# Analyzing Citibike Data and Predicting Dock Availability

In [None]:
# Step 1: Load the Data
import pandas as pd

data = pd.read_csv('/mnt/data/202301-citibike-tripdata_1.csv')

In [None]:
# Step 2: Explore the Data
print(data.head())
print(data.info())

In [None]:
# Step 3: Preprocess the Data
# Convert timestamps to datetime
data['started_at'] = pd.to_datetime(data['started_at'])
data['ended_at'] = pd.to_datetime(data['ended_at'])
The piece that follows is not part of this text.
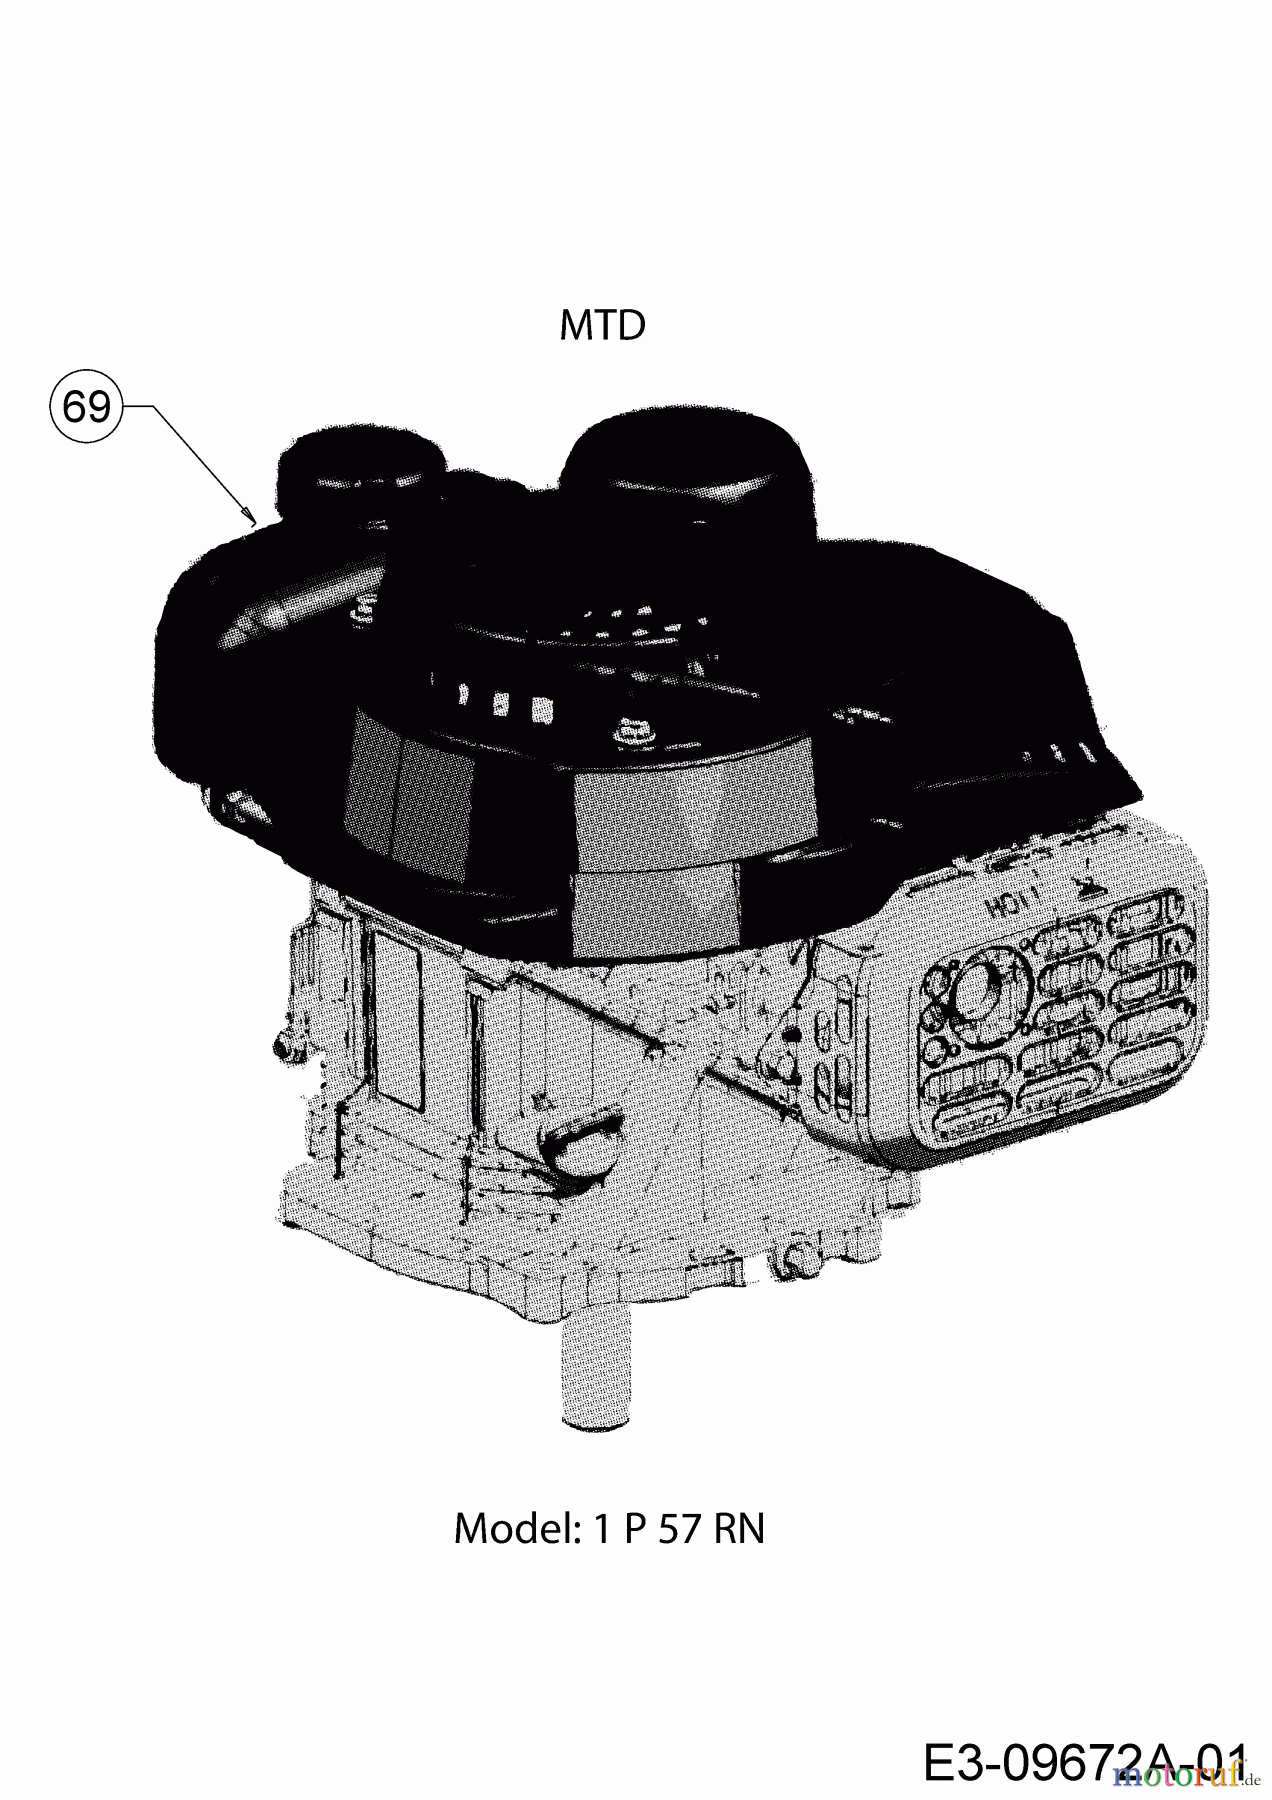  MTD Petrol mower Smart 51 BO 11B-02SH600 (2019) Engine MTD

# Extract features for analysis
data['start_hour'] = data['started_at'].dt.hour
data['day_of_week'] = data['started_at'].dt.day_name()

In [None]:
# Step 4: Analyze Dock Availability
# Group by start station and hour
dock_availability = data.groupby(['start_station_name', 'start_hour']).size().reset_index(name='trip_count')
print(dock_availability.head())

In [None]:
# Step 5: Train a Model to Predict Dock Availability
from sklearn.model_selection import train_test_split
from sklearn.ensemble import RandomForestRegressor

# Prepare features and target variable
features = pd.get_dummies(dock_availability[['start_station_name', 'start_hour']], drop_first=True)
target = dock_availability['trip_count']

X_train, X_test, y_train, y_test = train_test_split(features, target, test_size=0.2, random_state=42)

# Train the model
model = RandomForestRegressor(random_state=42)
model.fit(X_train, y_train)

# Evaluate the model
print(f"Model R^2 Score: {model.score(X_test, y_test):.2f}")

In [None]:
# Step 6: Prediction Example
example_input = pd.DataFrame({
    'start_station_name': ['Station A'],
    'start_hour': [9]
})
example_features = pd.get_dummies(example_input, drop_first=True)
example_features = example_features.reindex(columns=features.columns, fill_value=0)

prediction = model.predict(example_features)
print(f"Predicted Dock Availability: {prediction[0]:.2f}")